--- Records shown Enclosed Below ---

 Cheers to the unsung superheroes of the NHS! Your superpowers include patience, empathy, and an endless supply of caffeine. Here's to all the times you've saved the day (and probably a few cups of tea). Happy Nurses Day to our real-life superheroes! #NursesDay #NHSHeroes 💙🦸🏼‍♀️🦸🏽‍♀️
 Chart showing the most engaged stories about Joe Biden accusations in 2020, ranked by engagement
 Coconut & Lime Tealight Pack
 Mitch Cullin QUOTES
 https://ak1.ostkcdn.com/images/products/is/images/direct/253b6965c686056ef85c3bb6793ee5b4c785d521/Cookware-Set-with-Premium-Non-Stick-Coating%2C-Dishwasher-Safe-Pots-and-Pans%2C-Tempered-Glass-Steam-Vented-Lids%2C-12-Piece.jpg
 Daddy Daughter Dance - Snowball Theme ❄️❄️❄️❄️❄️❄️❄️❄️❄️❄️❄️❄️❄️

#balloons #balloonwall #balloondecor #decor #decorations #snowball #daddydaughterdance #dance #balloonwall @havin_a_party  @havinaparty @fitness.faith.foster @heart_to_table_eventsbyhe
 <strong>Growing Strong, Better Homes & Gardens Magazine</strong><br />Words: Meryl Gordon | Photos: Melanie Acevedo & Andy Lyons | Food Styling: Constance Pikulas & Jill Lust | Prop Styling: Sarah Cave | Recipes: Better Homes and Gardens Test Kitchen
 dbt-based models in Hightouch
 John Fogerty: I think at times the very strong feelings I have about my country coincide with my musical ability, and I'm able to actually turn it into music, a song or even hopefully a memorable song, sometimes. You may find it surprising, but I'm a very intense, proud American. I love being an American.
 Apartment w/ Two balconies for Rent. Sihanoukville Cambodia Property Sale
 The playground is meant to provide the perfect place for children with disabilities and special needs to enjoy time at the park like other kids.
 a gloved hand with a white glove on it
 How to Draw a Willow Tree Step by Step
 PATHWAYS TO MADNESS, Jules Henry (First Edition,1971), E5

--- End of Enclosed Records shown ---

▸ **Exercise**: Type the records again in full, matching them exactly.

▸ **Result**:
 Cheers to the unsung superheroes of the NHS! Your superpowers include patience, empathy, and an endless supply of caffeine. Here's to all the times you've saved the day (and probably a few cups of tea). Happy Nurses Day to our real-life superheroes! #NursesDay #NHSHeroes 💙🦸🏼‍♀️🦸🏽‍♀️
 Chart showing the most engaged stories about Joe Biden accusations in 2020, ranked by engagement
 Coconut & Lime Tealight Pack
 Mitch Cullin QUOTES
 https://ak1.ostkcdn.com/images/products/is/images/direct/253b6965c686056ef85c3bb6793ee5b4c785d521/Cookware-Set-with-Premium-Non-Stick-Coating%2C-Dishwasher-Safe-Pots-and-Pans%2C-Tempered-Glass-Steam-Vented-Lids%2C-12-Piece.jpg
 Daddy Daughter Dance - Snowball Theme ❄️❄️❄️❄️❄️❄️❄️❄️❄️❄️❄️❄️❄️

#balloons #balloonwall #balloondecor #decor #decorations #snowball #daddydaughterdance #dance #balloonwall @havin_a_party  @havinaparty @fitness.faith.foster @heart_to_table_eventsbyhe
 <strong>Growing Strong, Better Homes & Gardens Magazine</strong><br />Words: Meryl Gordon | Photos: Melanie Acevedo & Andy Lyons | Food Styling: Constance Pikulas & Jill Lust | Prop Styling: Sarah Cave | Recipes: Better Homes and Gardens Test Kitchen
 dbt-based models in Hightouch
 John Fogerty: I think at times the very strong feelings I have about my country coincide with my musical ability, and I'm able to actually turn it into music, a song or even hopefully a memorable song, sometimes. You may find it surprising, but I'm a very intense, proud American. I love being an American.
 Apartment w/ Two balconies for Rent. Sihanoukville Cambodia Property Sale
 The playground is meant to provide the perfect place for children with disabilities and special needs to enjoy time at the park like other kids.
 a gloved hand with a white glove on it
 How to Draw a Willow Tree Step by Step
 PATHWAYS TO MADNESS, Jules Henry (First Edition,1971), E5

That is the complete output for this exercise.